Postby denis_berthier » Sun Dec 06, 2020 2:43 pm

Mauriès Robert wrote:In reality what does your solver do (apart from the subsets) that a human can't do otherwise than by spending a lot of time (the puzzle Spiral 8.3 after simplifications by basic techniques counts 146 candidates of which 69 lead to contradiction with singles) :
1) It looks for candidates whose validation leads, with singles, to contradiction with n sequences n≤1, whip[1] .
2) Once he has identified all these whips[1], he looks for candidates whose validation leads with singles to contradiction with n sequences n≤2, whip[2] or chain[2]. Then he starts the loop again by looking again for the whip [1], then the whip [2] or chain[2].
3) Once the searches of 1) and 2) have been exhausted, it looks for candidates whose validation leads with simple to n sequences n≤3, whip [3] or chain[3]. Etc...

It's absolutely not the way SudoRules works: 1) it keeps the partial-chains obtained at the previous steps. and 2) it re-starts at level 0 after each elimination.
And, once more, a manual solver doesn't have to use the simplest-first strategy. If 69 candidates out of 146 lead to a contradiction, then the manual solver has a high chance of finding one by starting from anywhere. He has still a much larger chance if he starts from a partial-whip[1].


Mauriès Robert wrote:It is also possible to do it with tracks by making a programme. Besides François, unless he contradicts me, developed his first routine like that.

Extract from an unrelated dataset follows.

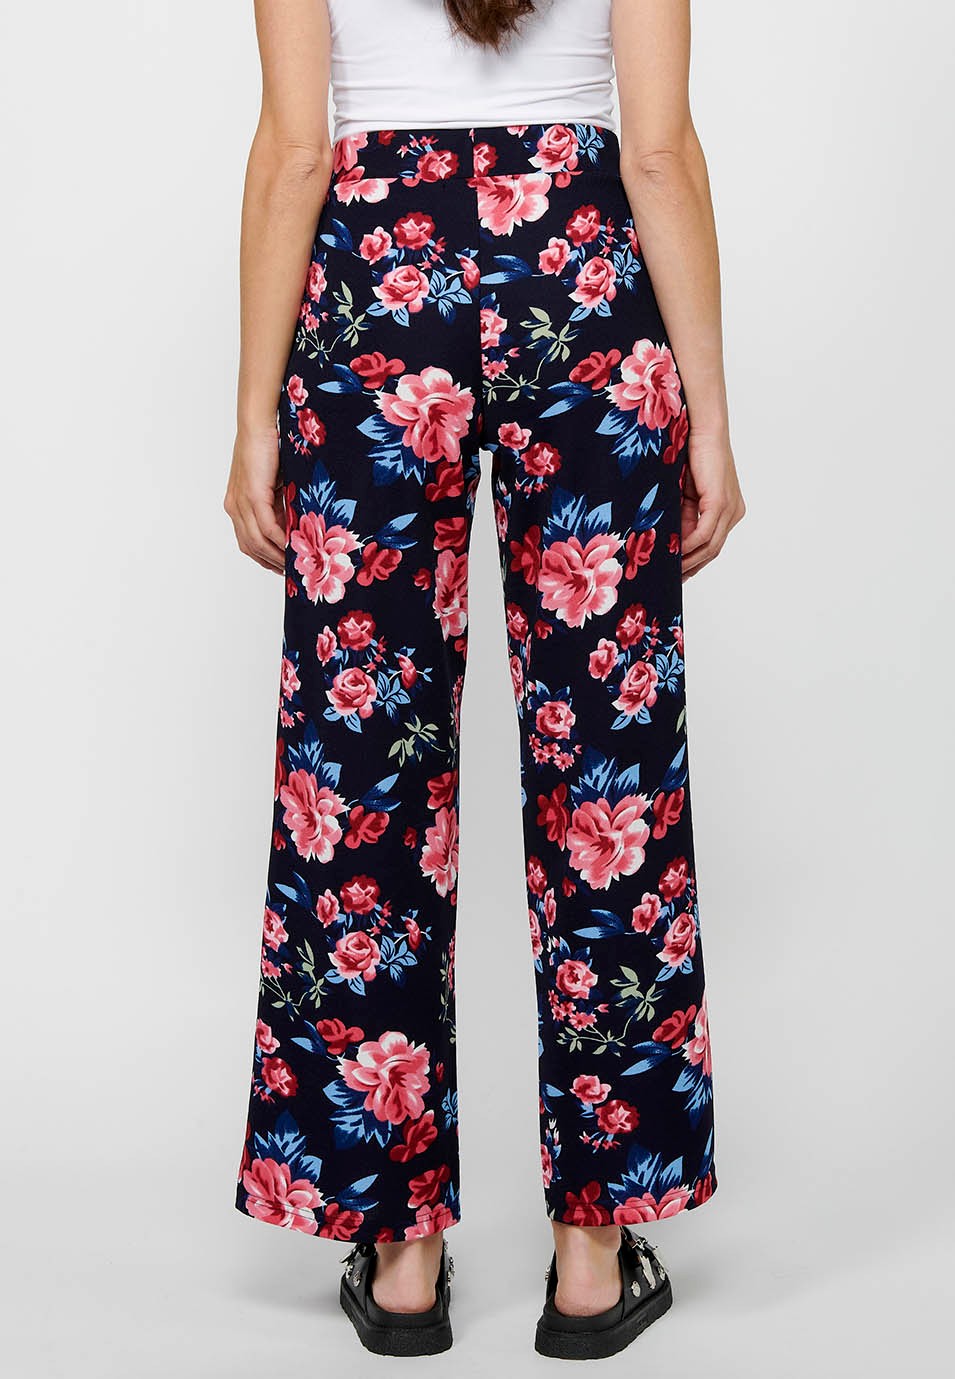 Pantalon long ample avec taille élastique caoutchoutée et imprimé floral Marine pour Femme 1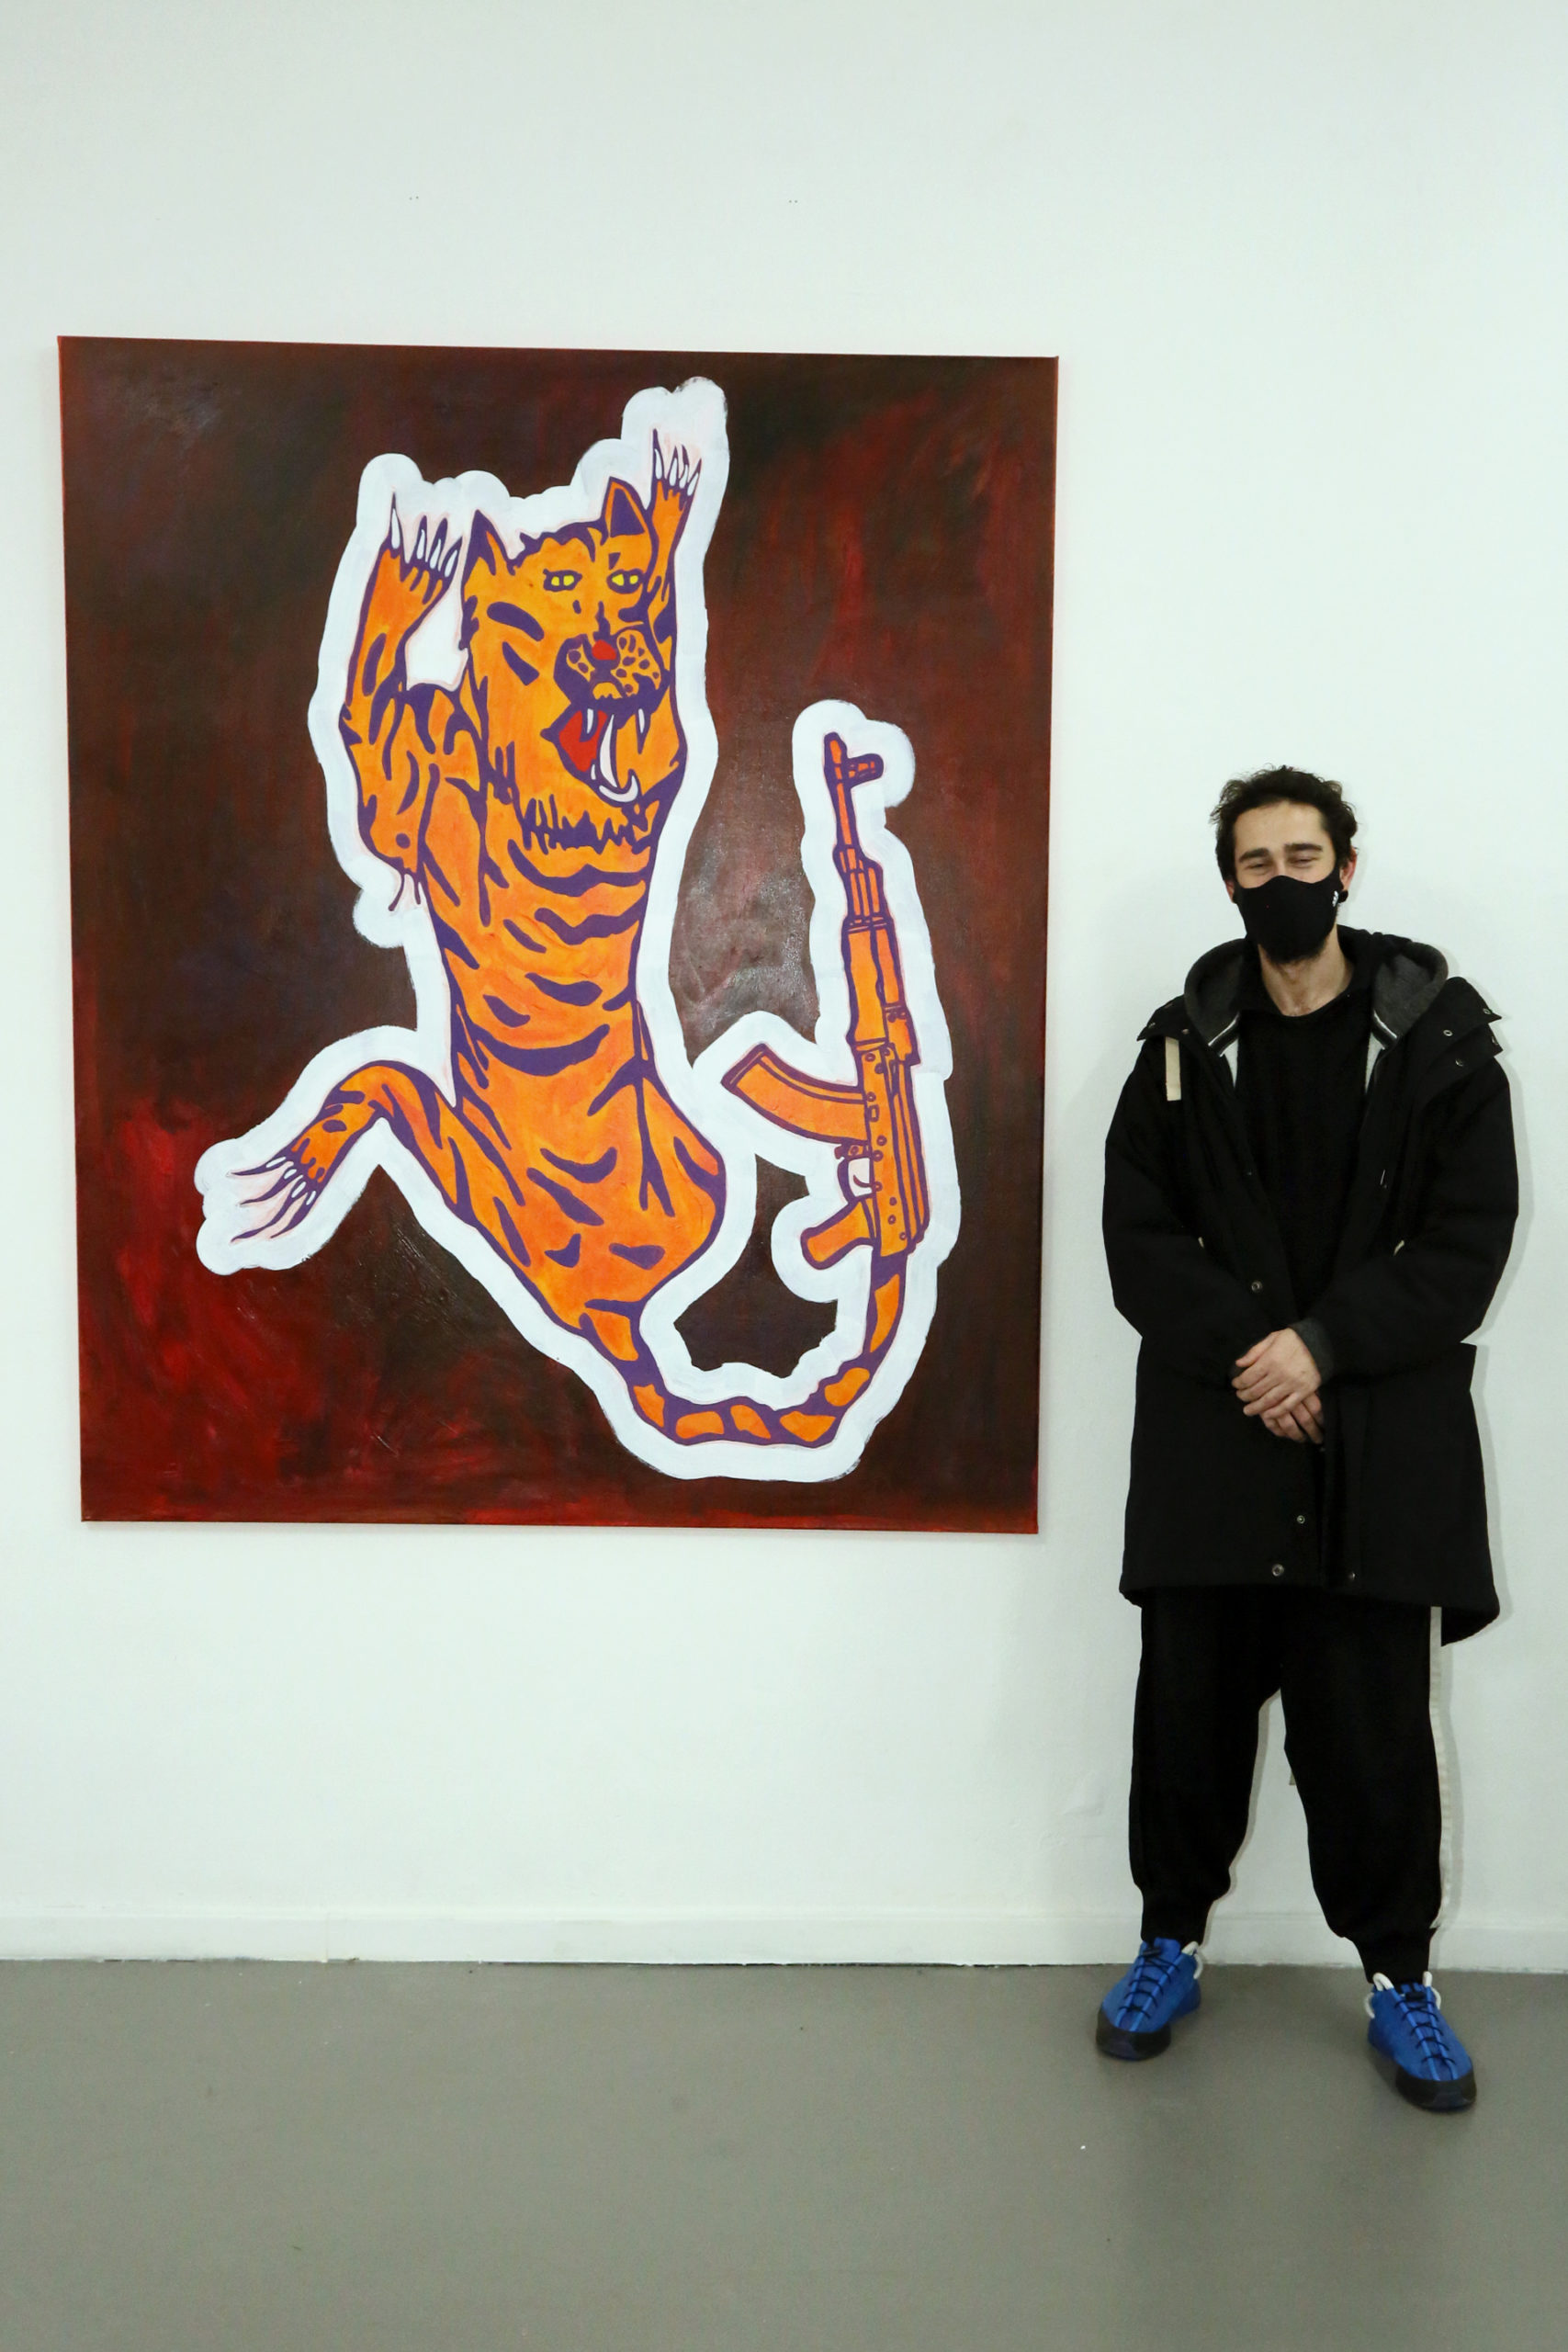 Farhad Farzali - Tiger is A Tiger Tiger is A Tiger

NO. As tracks are sets of candidates and don't use the continuity property, you have no way of knowing in advance that a track will be interpretable as a whip. François must have written a specific procedure for whips and a different one for braids.

Tracks are basically T&E, conjugate tracks are double T&E with comparison of the two results. It's easy to do by hand and by computer. There's no shame about it: world champs of Sudoku use T&E.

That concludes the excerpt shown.